**Provided data**.
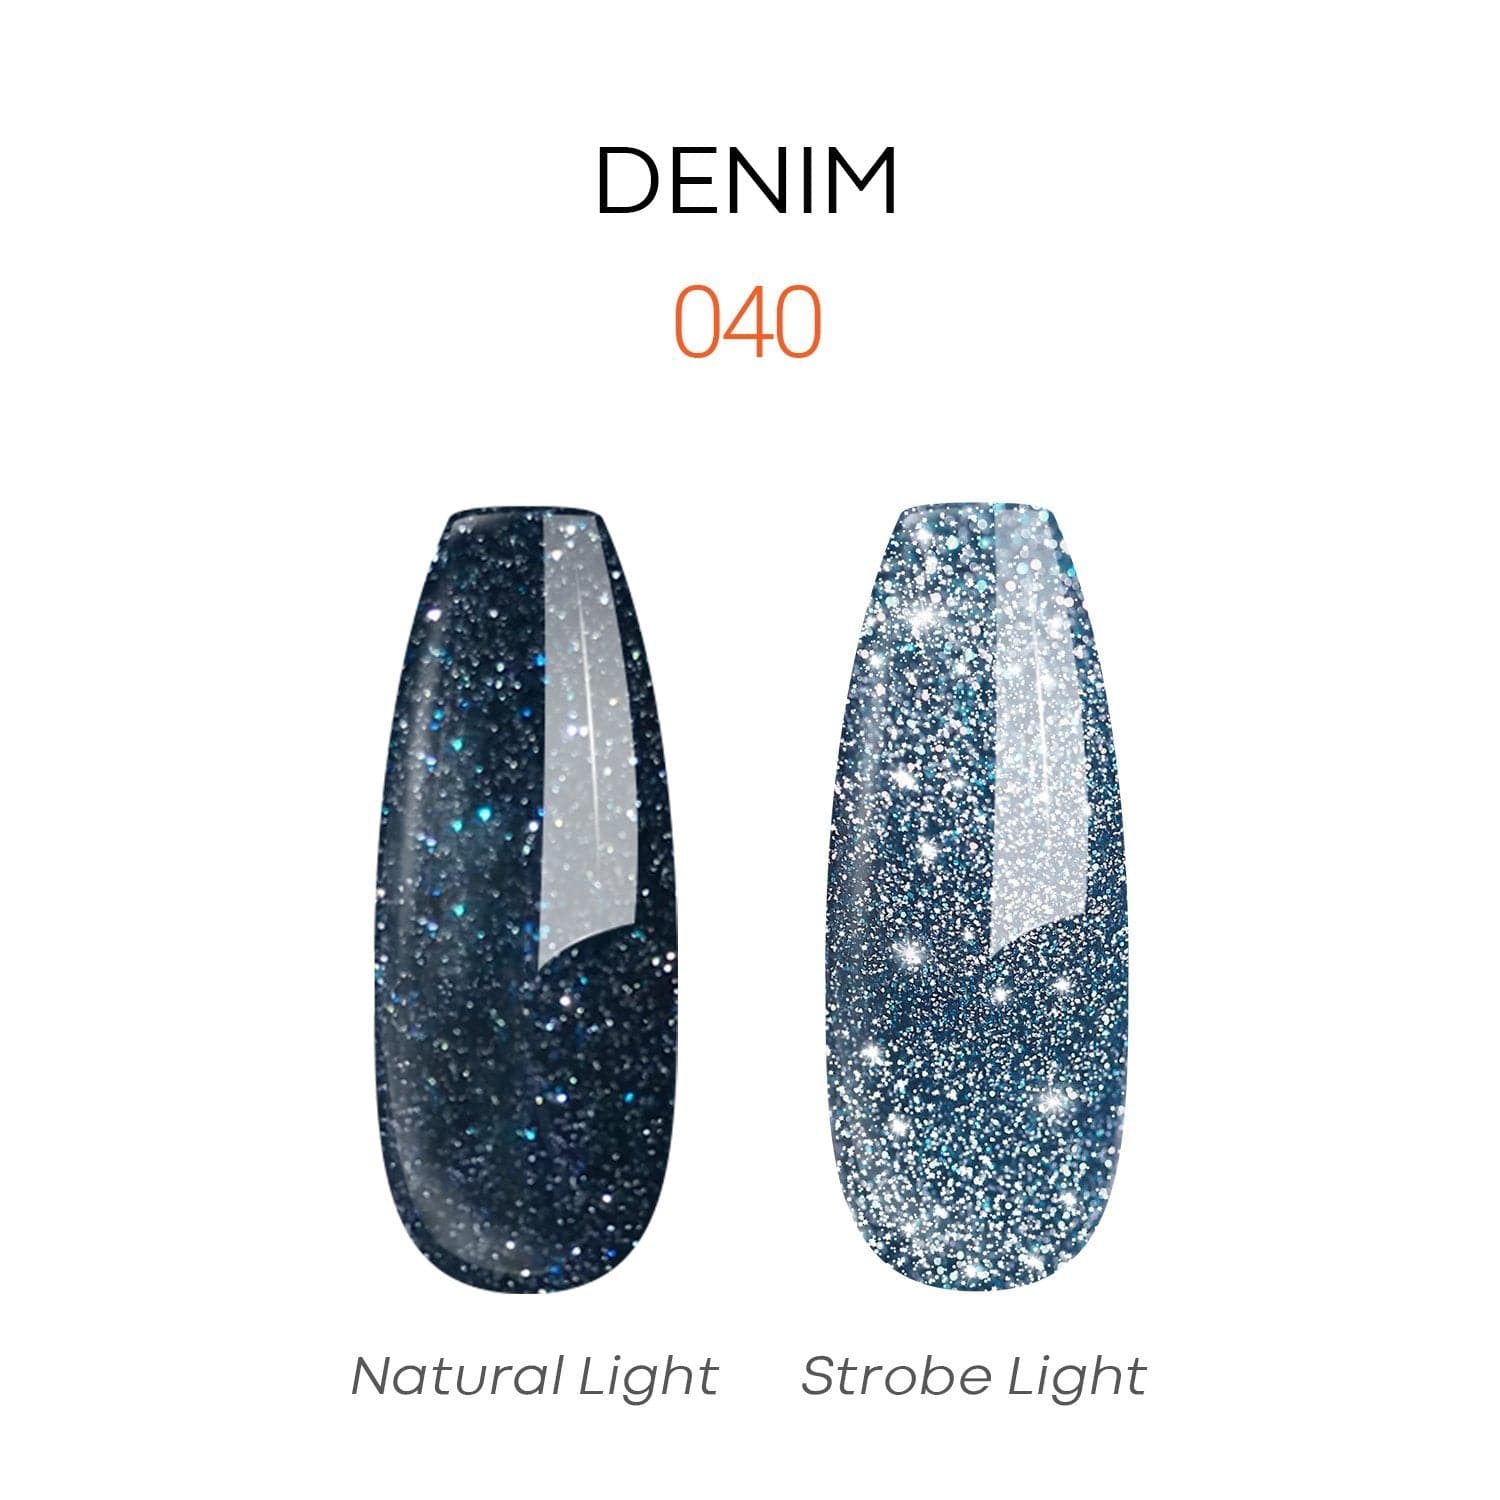 Denim - Reflective Acrylic Powder - MODELONES.com
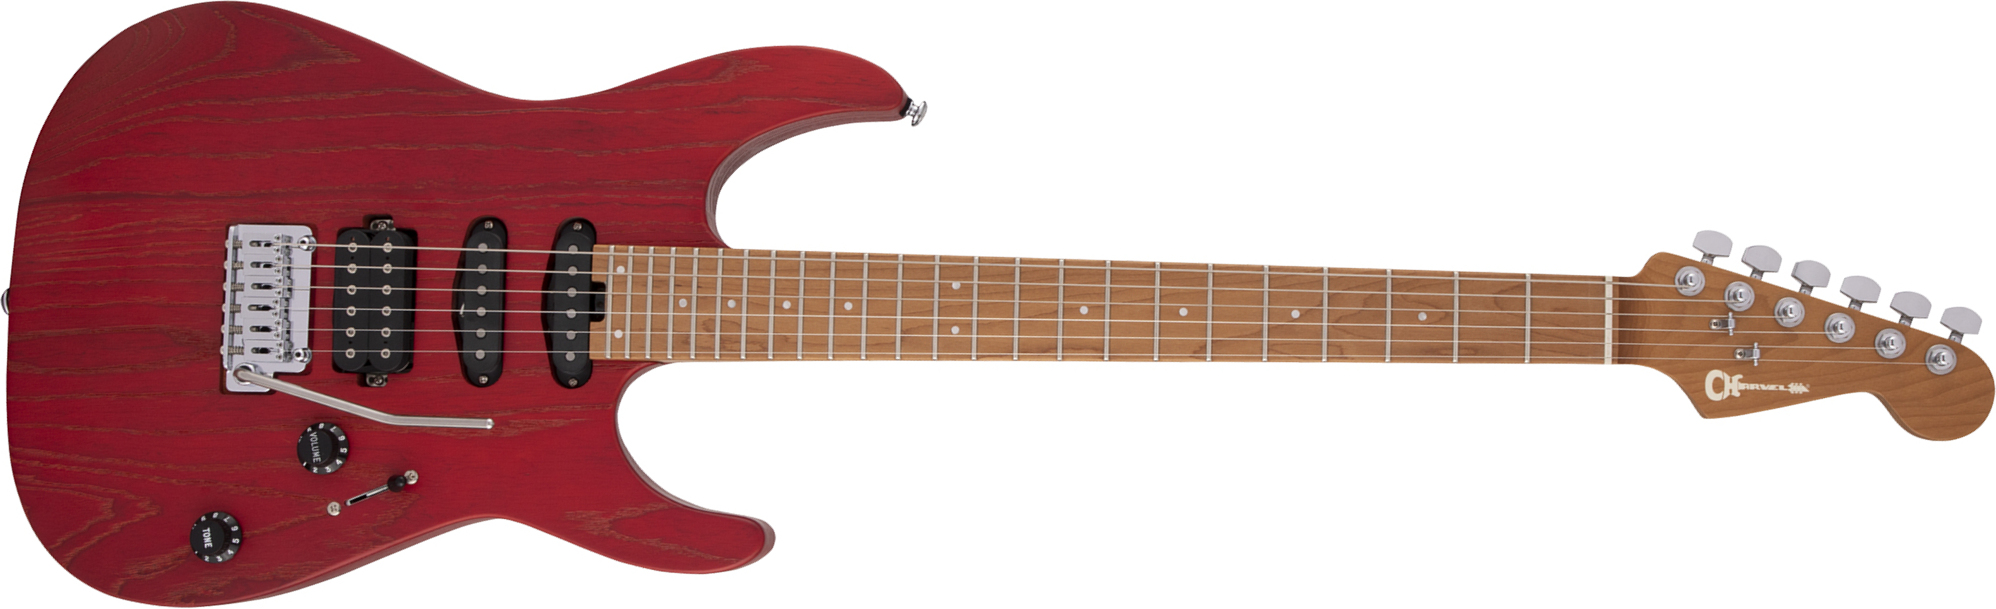 Charvel Dinky Dk24 Hss 2pt Cm Ash Pro-mod Seymour Duncan Trem Mn - Red Ash - E-Gitarre in Str-Form - Main picture
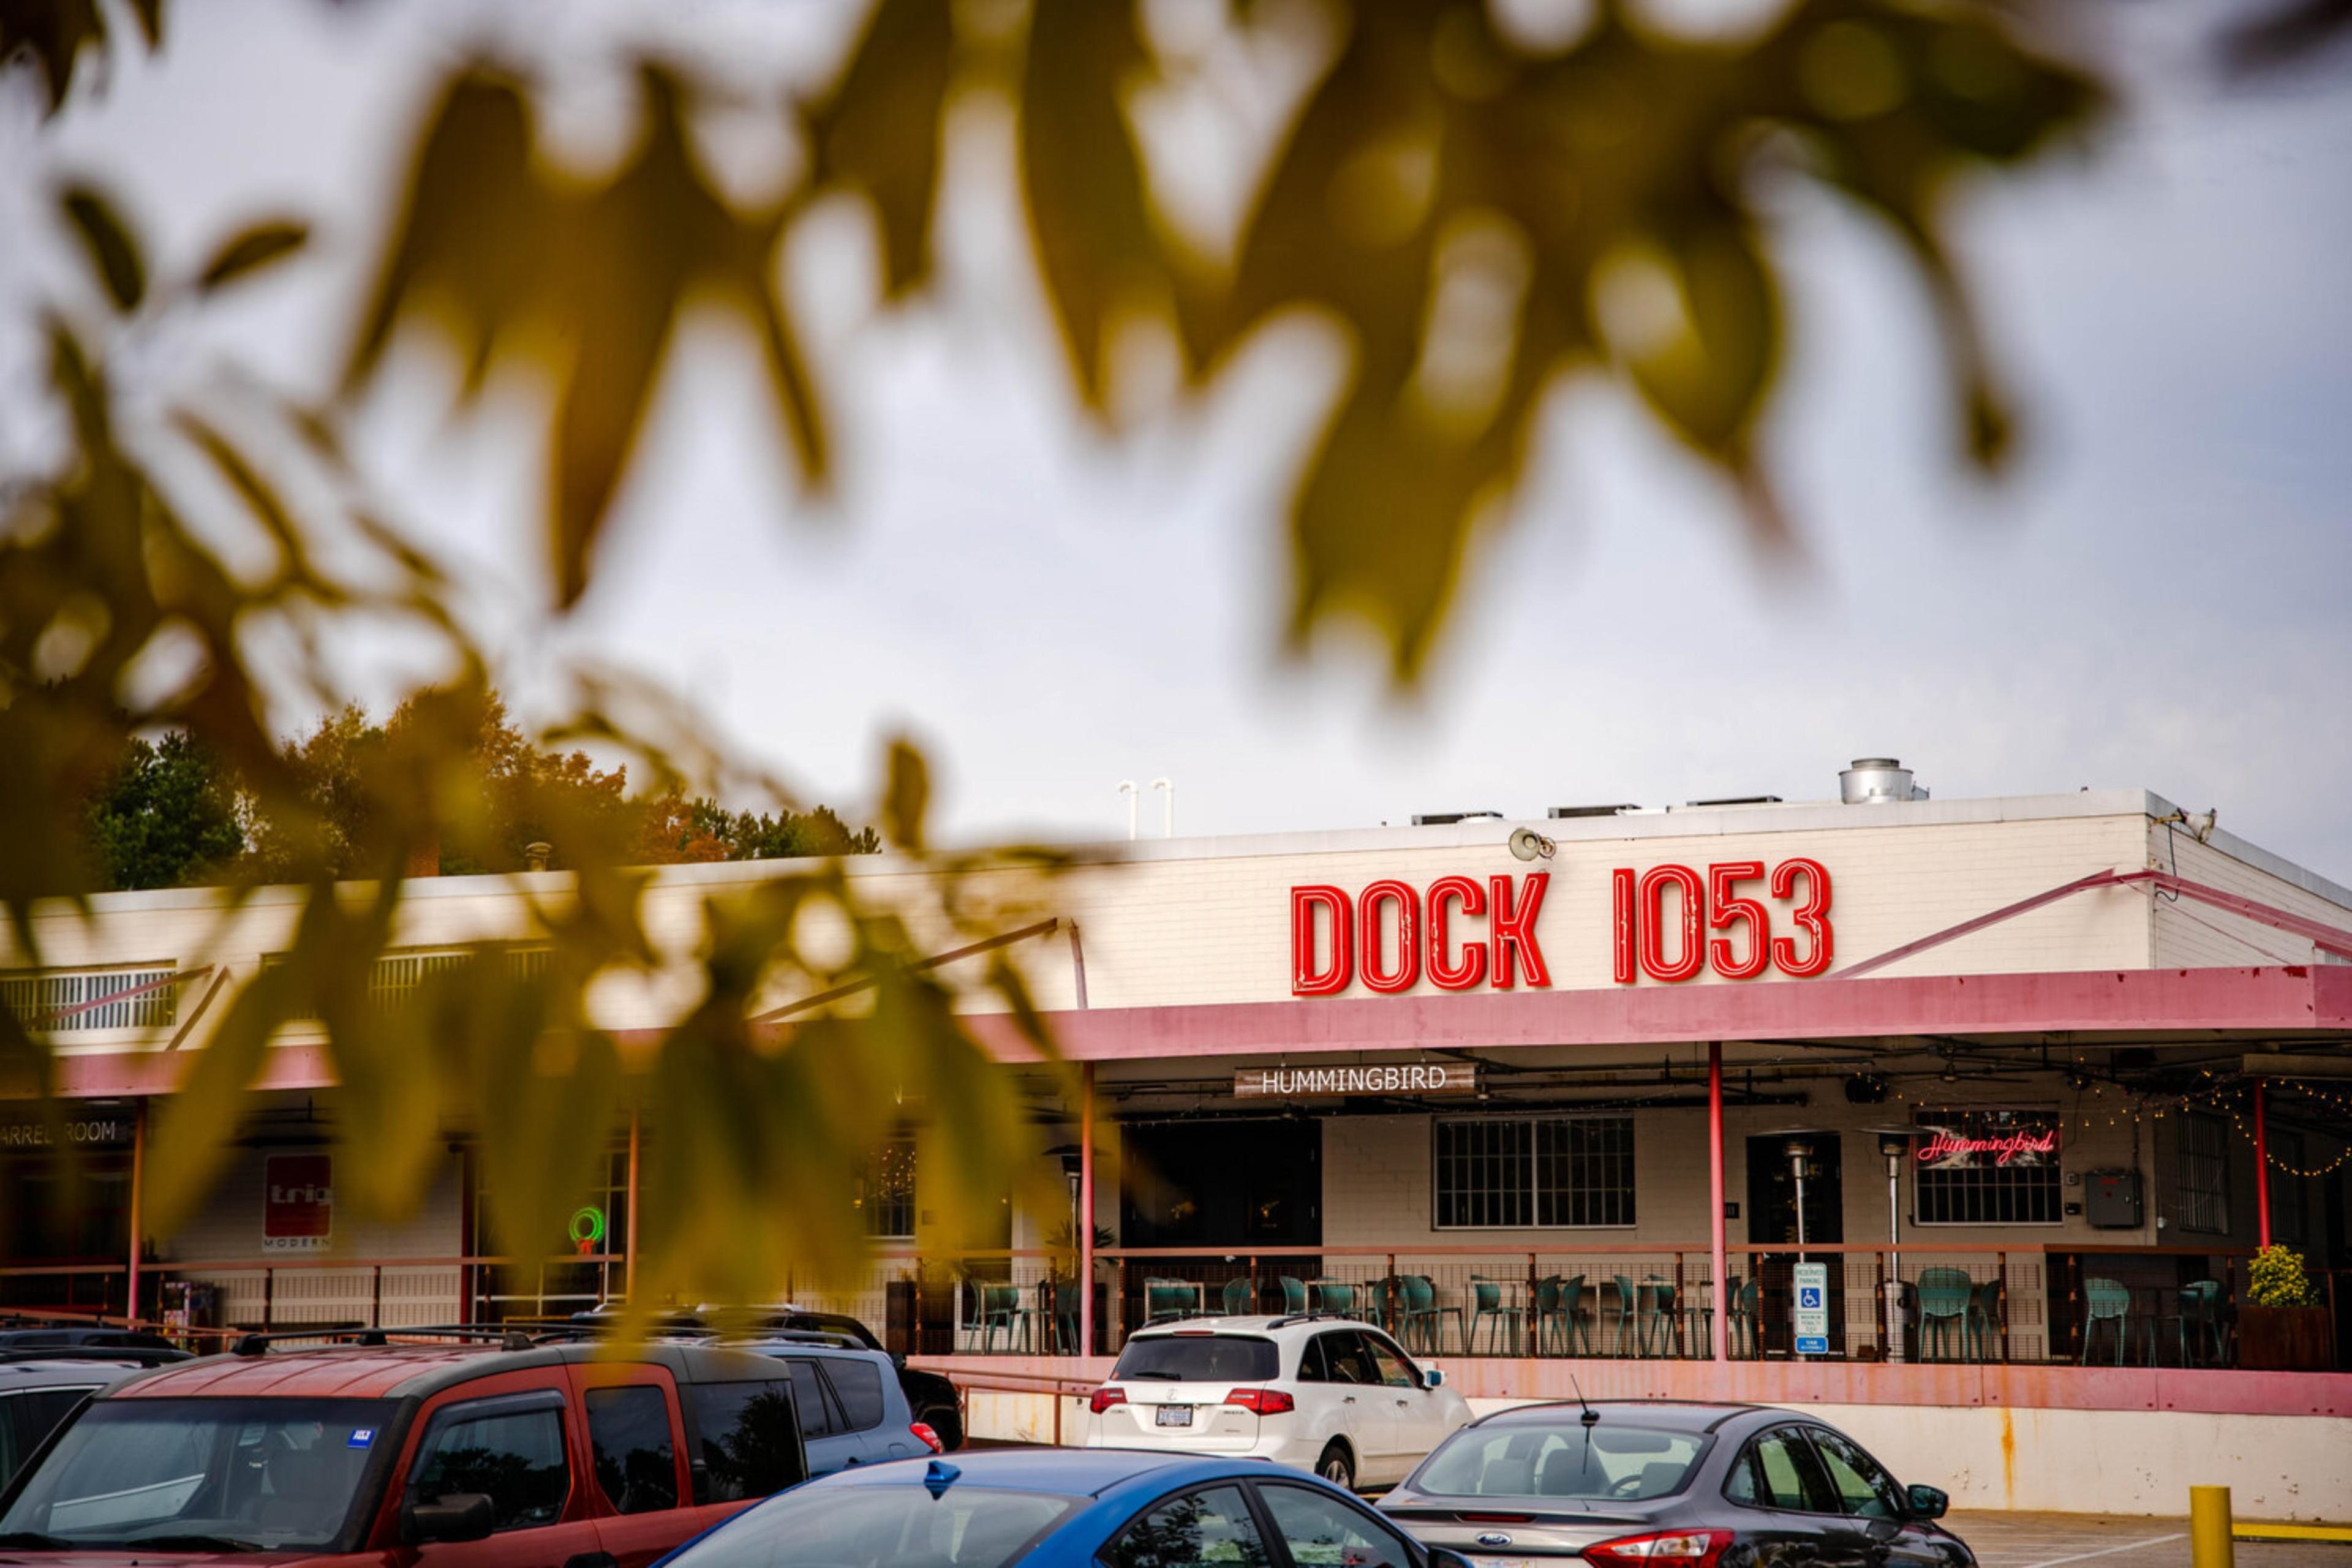 The Loading Dock — Dock 1053

**What the task asks**. Nothing but the lines from the one holding "Charvel Dinky Dk24" through the last line of the listing should appear in the answer, copied exactly and without pictures.

**Task output**.
 Charvel Dinky Dk24 Hss 2pt Cm Ash Pro-mod Seymour Duncan Trem Mn - Red Ash - E-Gitarre in Str-Form - Main picture
 The Loading Dock — Dock 1053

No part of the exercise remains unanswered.